The UI/UX design phase turns wireframes into pixel-perfect mockups. Build a design system — a shared vocabulary of reusable components:

  • Colors — Primary blue (#2563EB) for actions, grays for backgrounds, red for destructive actions
  • Typography — Inter for UI text, monospace for IDs
  • Components — Task cards, column headers, board nav, modals, dropdowns
  • Spacing — 4px base unit for consistent padding and margins

Tools like Figma and Adobe XD let designers and developers collaborate on the same file, inspect spacing, and export assets.

Critical principle: design for states, not just screens. Every component needs empty, loading, error, and populated state designs.

6. Prototyping

A prototype is a clickable, interactive mockup that stakeholders can experience without production code. Click “Create Task” and a modal opens. Drag a card between columns. Navigate between boards.

Prototyping serves two purposes:

  1. Validation — Put it in front of real users. Where do they hesitate? Fix those problems now, not after 10,000 lines of code.
  2. Alignment — Walk stakeholders through the prototype. Misunderstandings surface early, not during code review.

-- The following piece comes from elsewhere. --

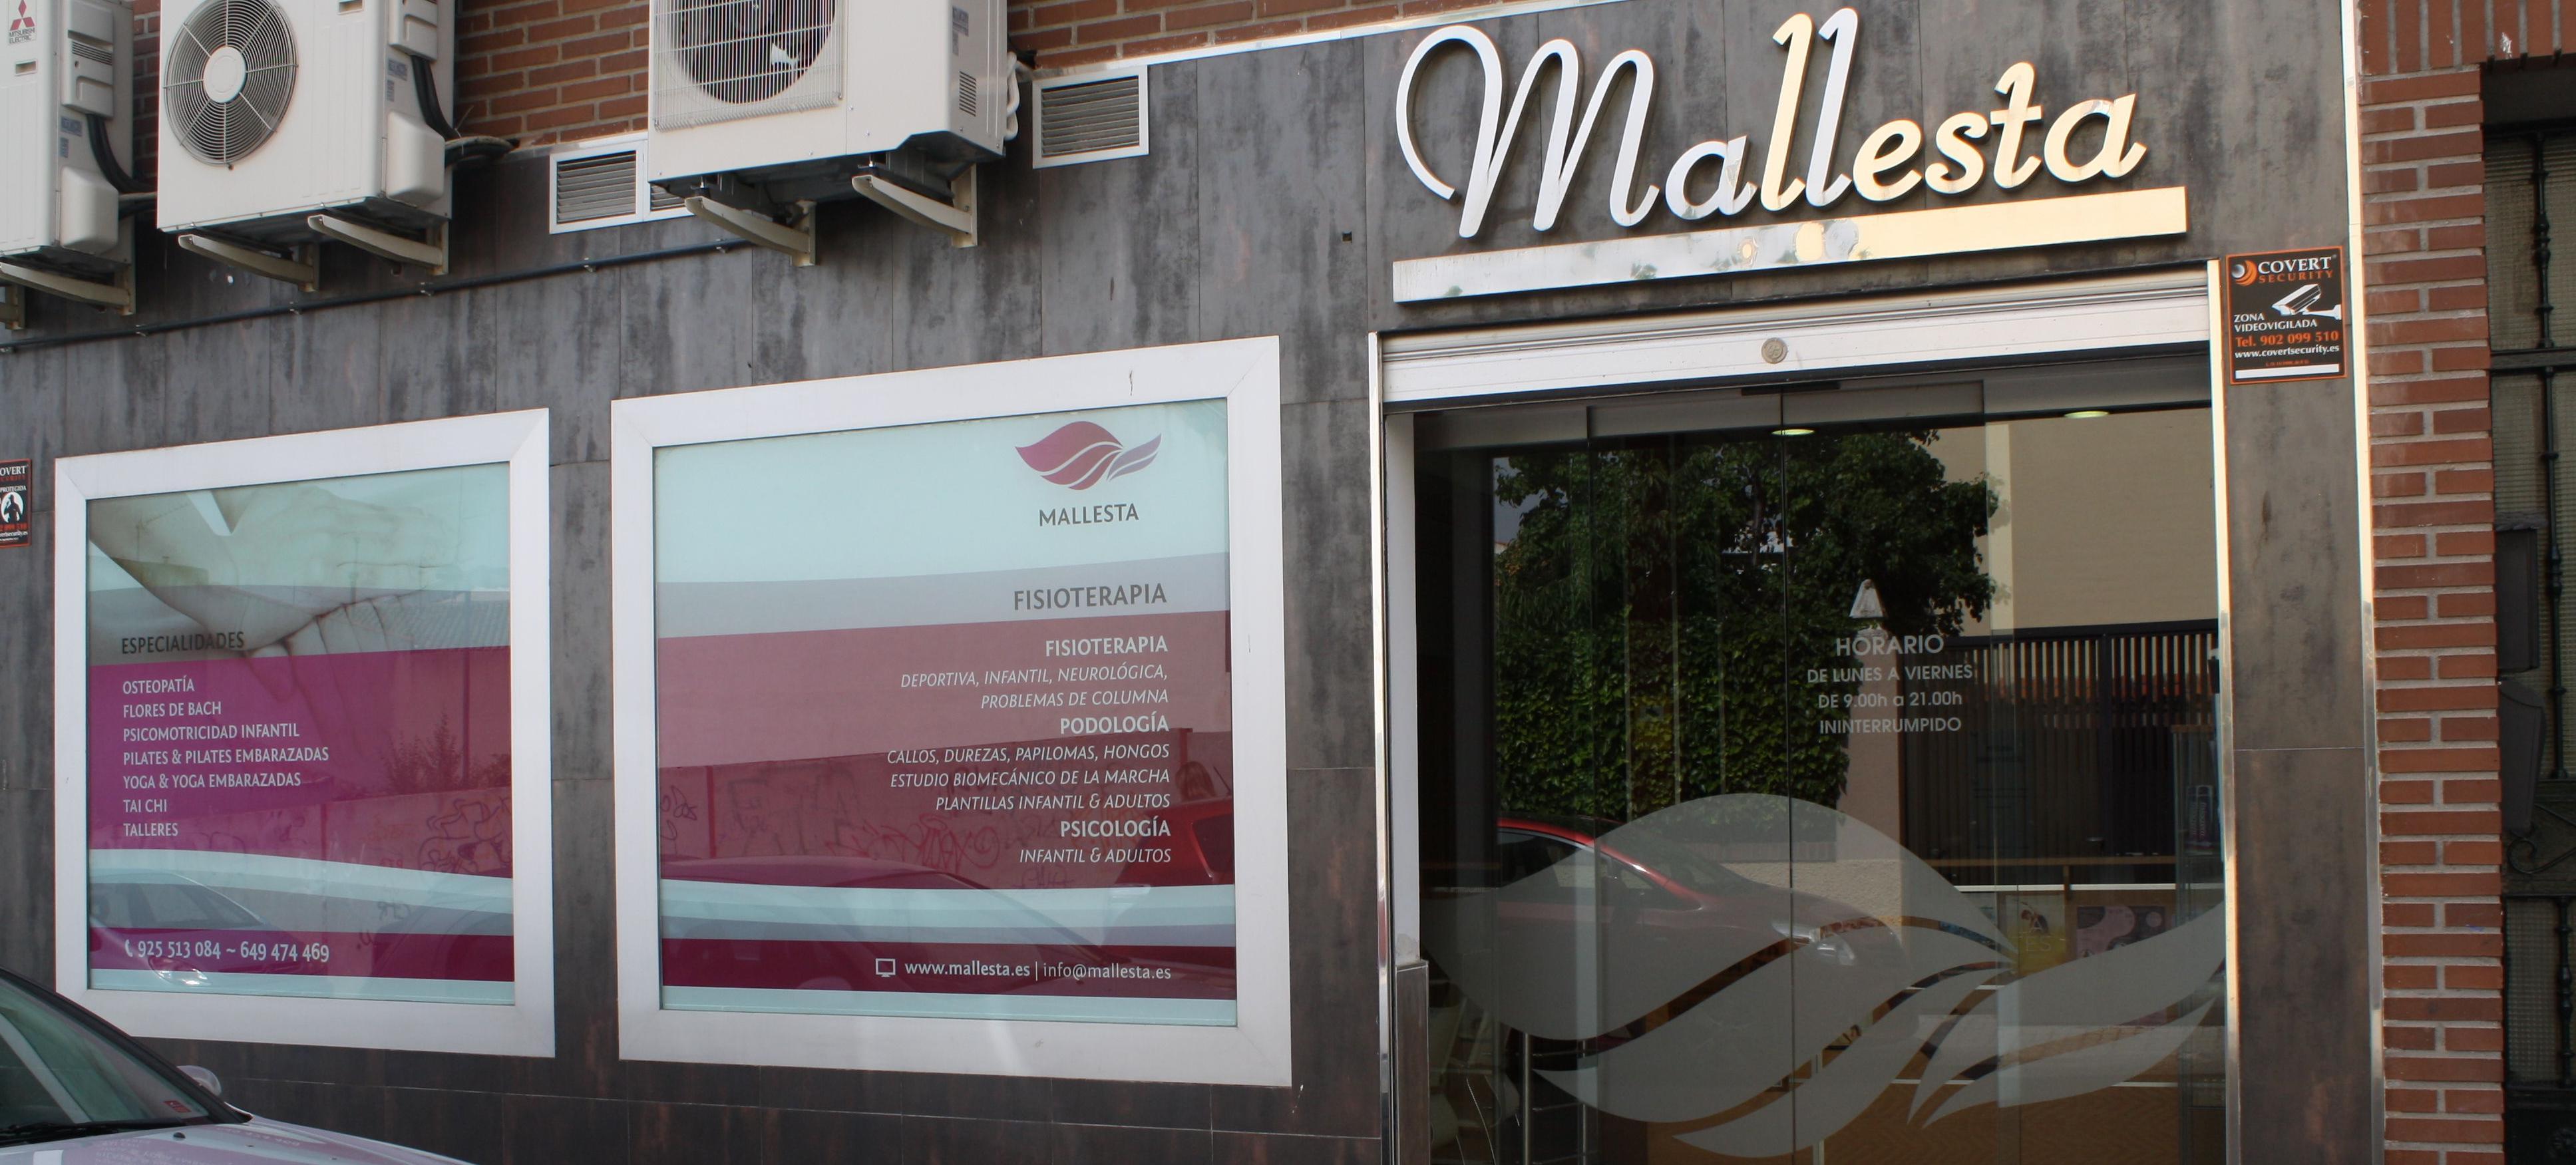 Foto 2 de Fisioterapia en Illescas | Mallesta Centro de Especialidades

Figma’s prototyping mode lets you define click targets, transitions, and flows directly on design frames. Remember: a prototype is not production code. It is a communication tool.

7. Senior Tip

“Design is not how it looks, it’s how it works.” — Steve Jobs

Every hour spent on design saves five hours of rework during implementation. Focus on user experience over aesthetics. A plain-looking app with clear navigation and predictable behavior beats a stunning app that confuses users. Get the API contracts right. Get the data model right. The colors are the easy part.